■ Aim of the exercise ■
Repeat the listing exactly. Any picture in it should be left out of the copy.

■ Given information ■
*** Begin section ***
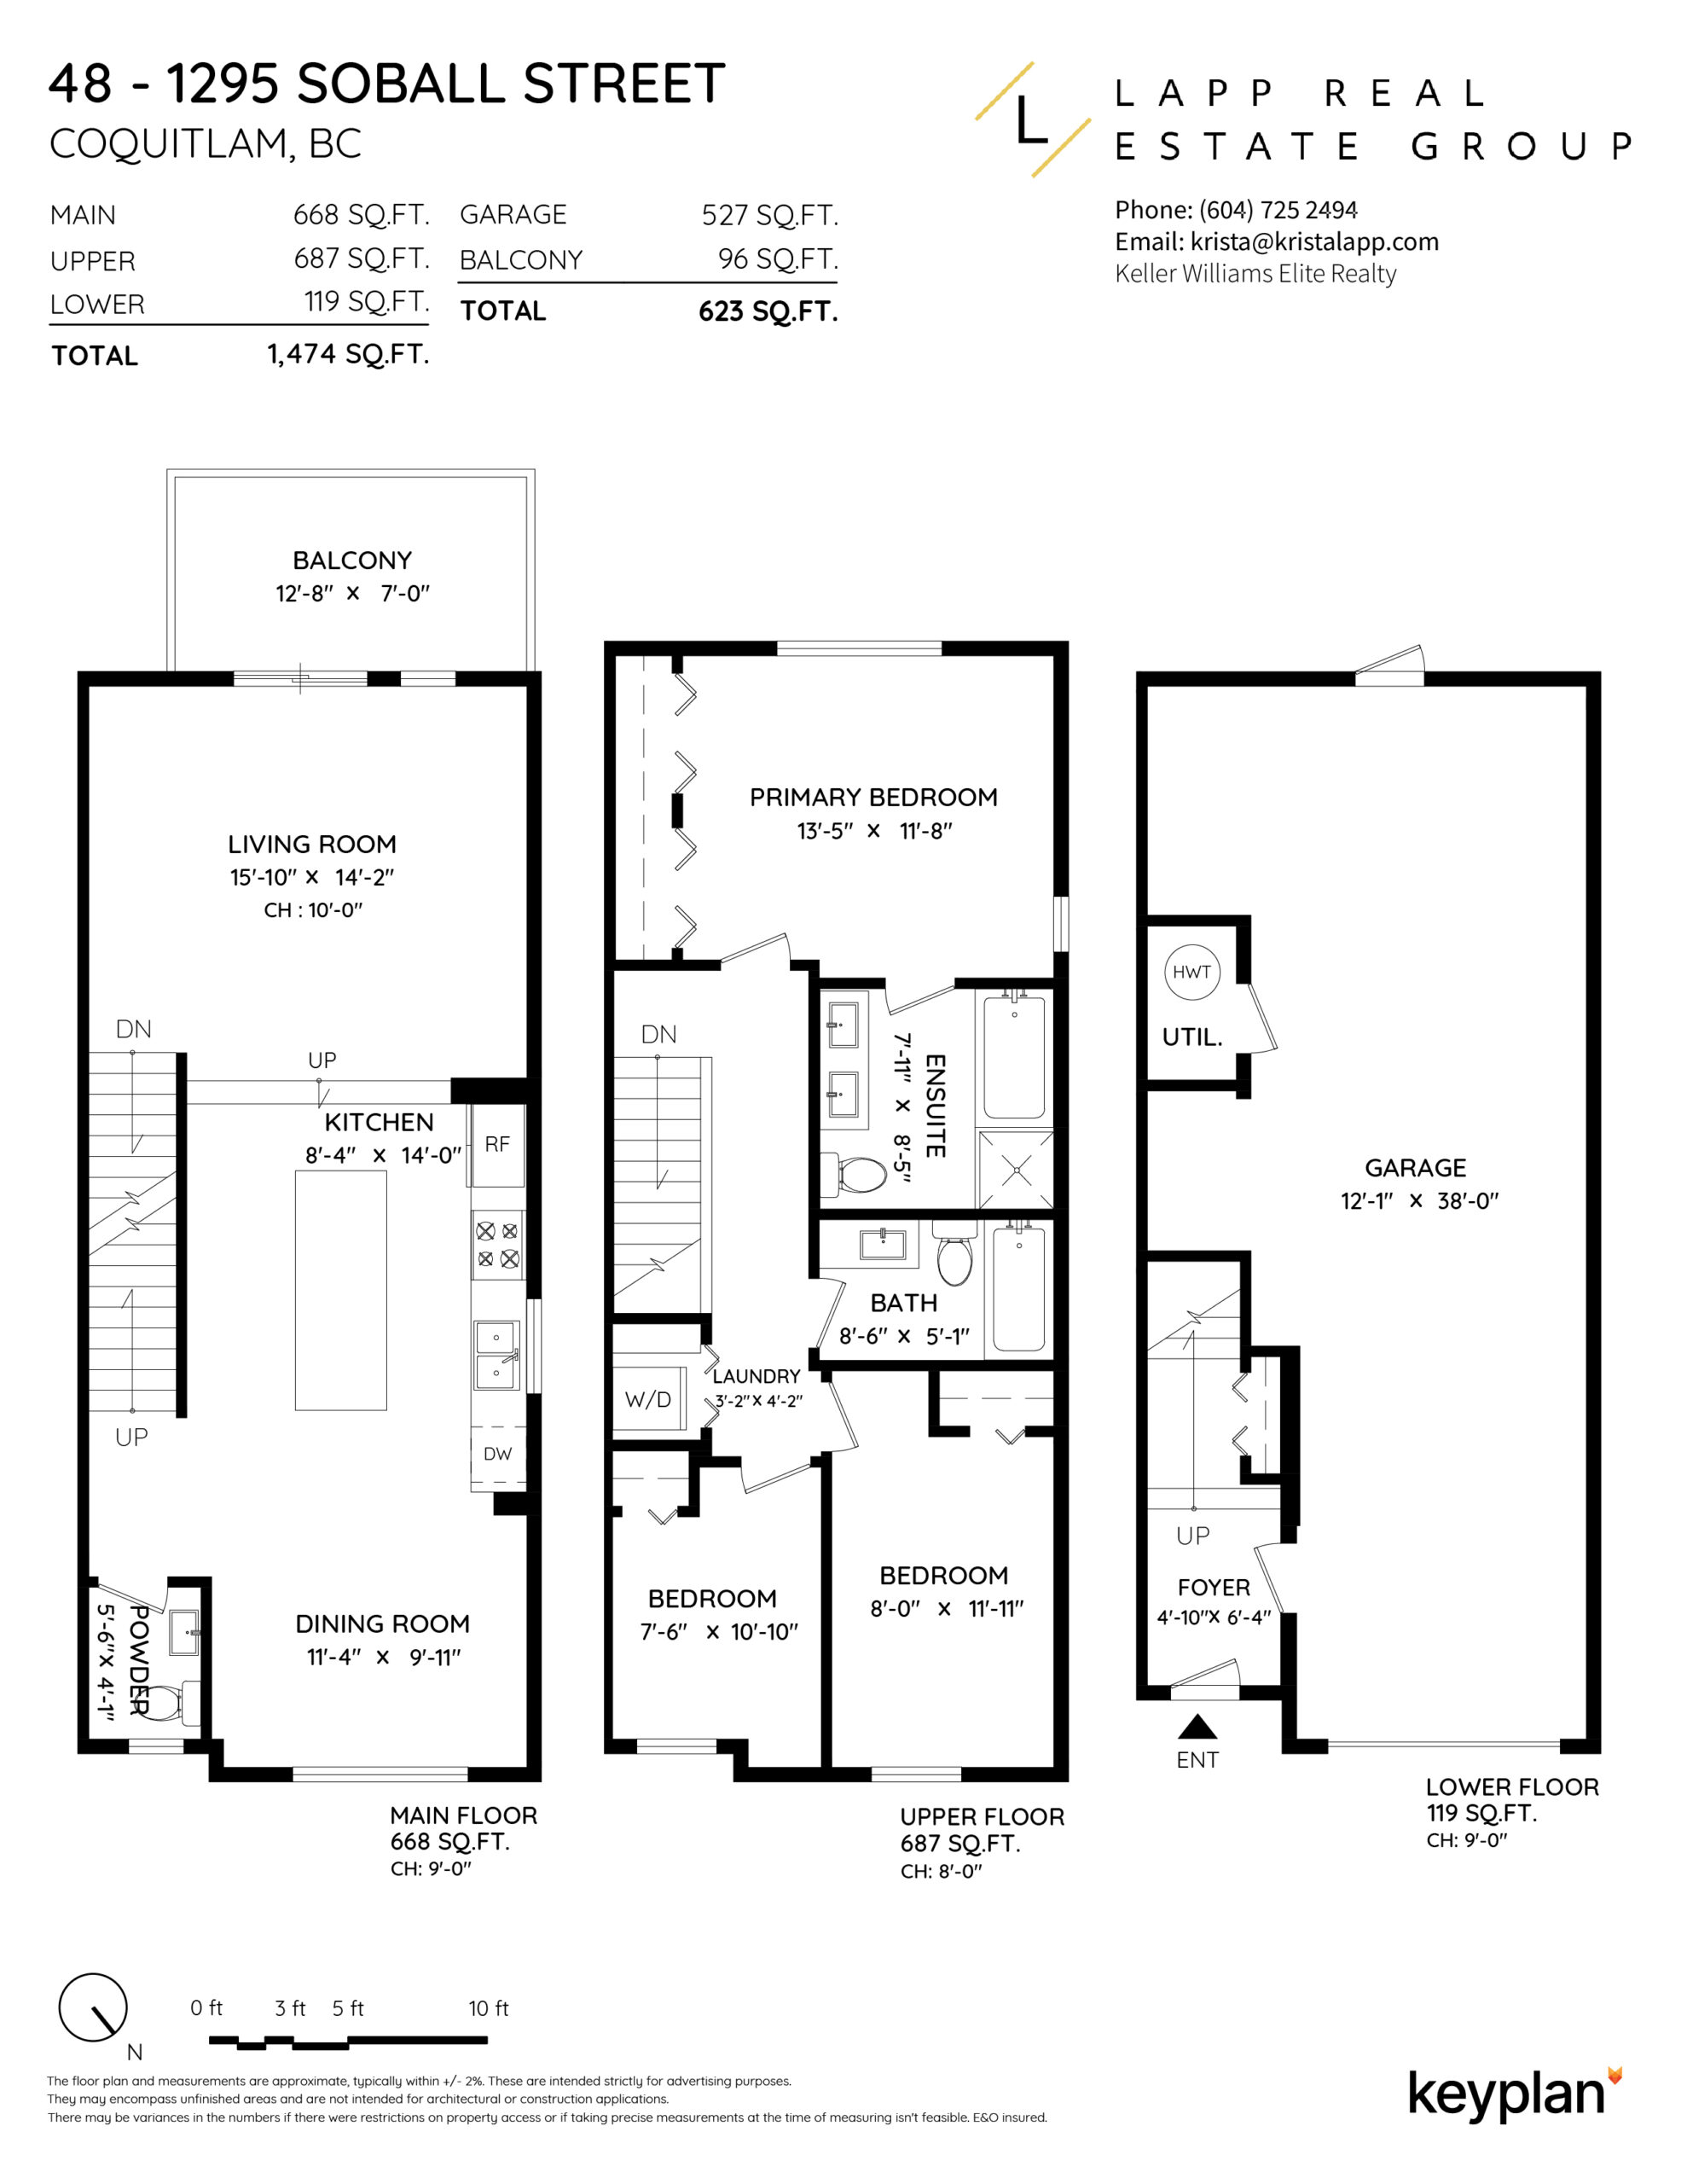 Floor plan Burke Mountain Townhome For Sale 48 1295 Soball St Coquitlam Krista Lapp
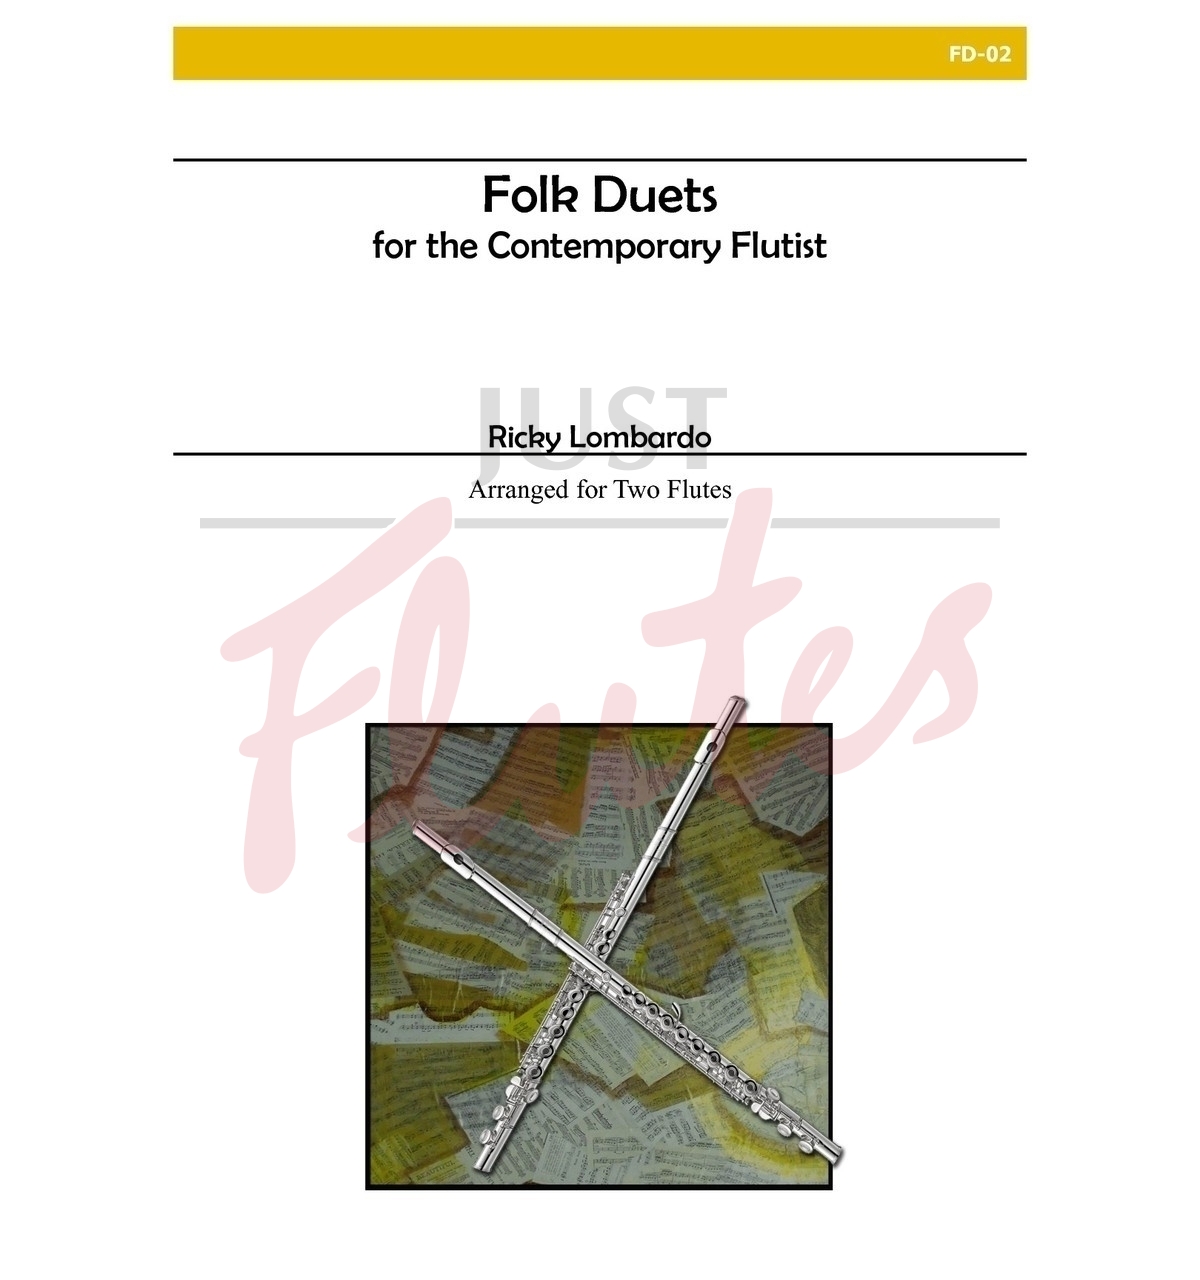 Folk Duets for the Contemporary Flutist
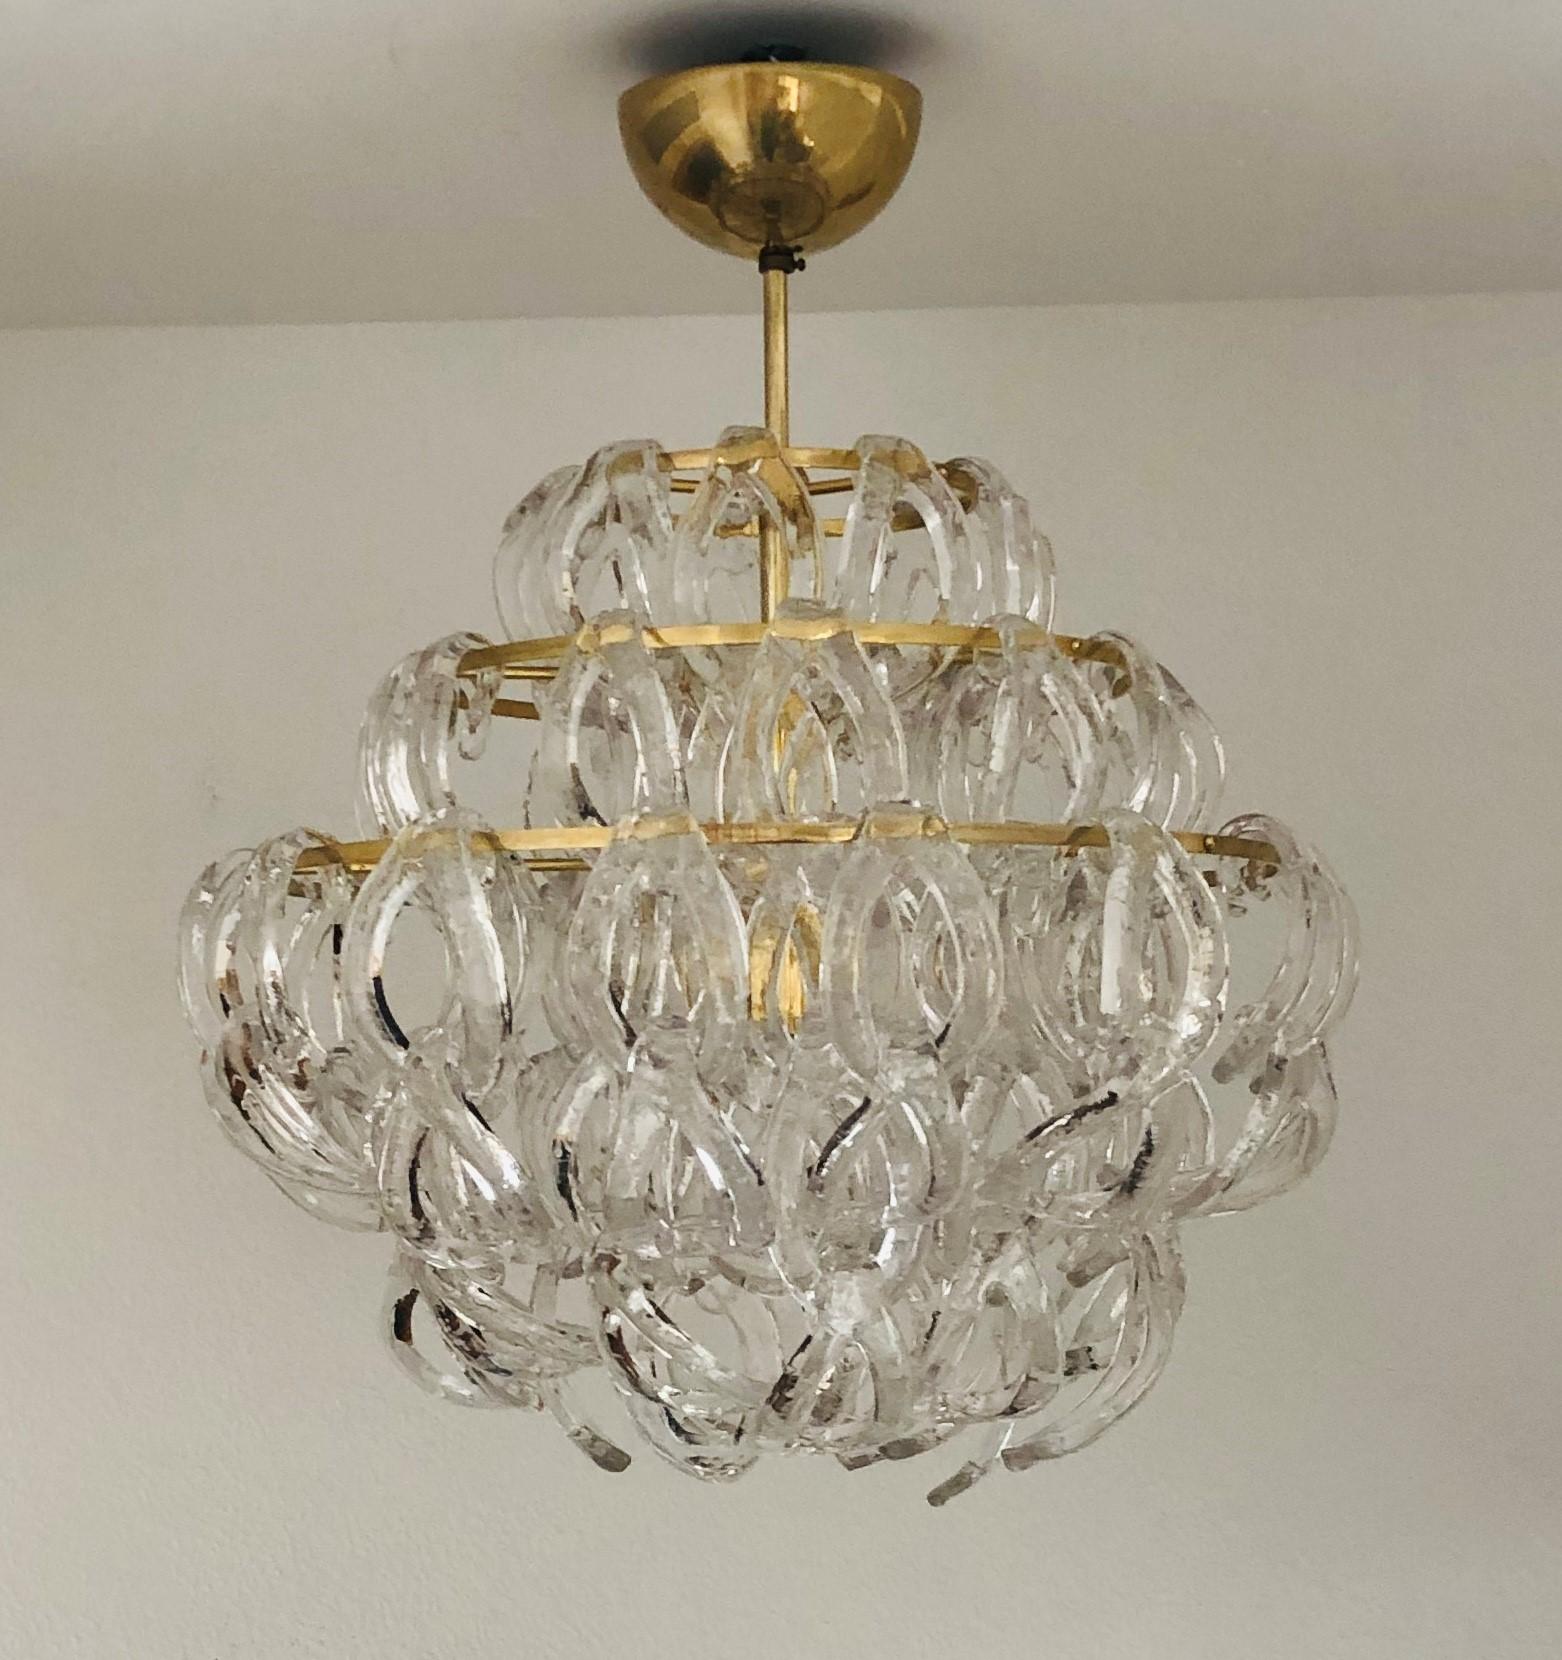 Stunning Italian Murano glass midcentury chandelier. This Chandelier was made during the 1970s in Italy by Angelo Mangiarotti.
This chandelier is composed by 100 units of link Murano glasses (called
*** End section ***
■ Answer space ■
 Floor plan Burke Mountain Townhome For Sale 48 1295 Soball St Coquitlam Krista Lapp
 Folk Duets for the Contemporary Flutist
 Stunning Italian Murano glass midcentury chandelier. This Chandelier was made during the 1970s in Italy by Angelo Mangiarotti.
This chandelier is composed by 100 units of link Murano glasses (called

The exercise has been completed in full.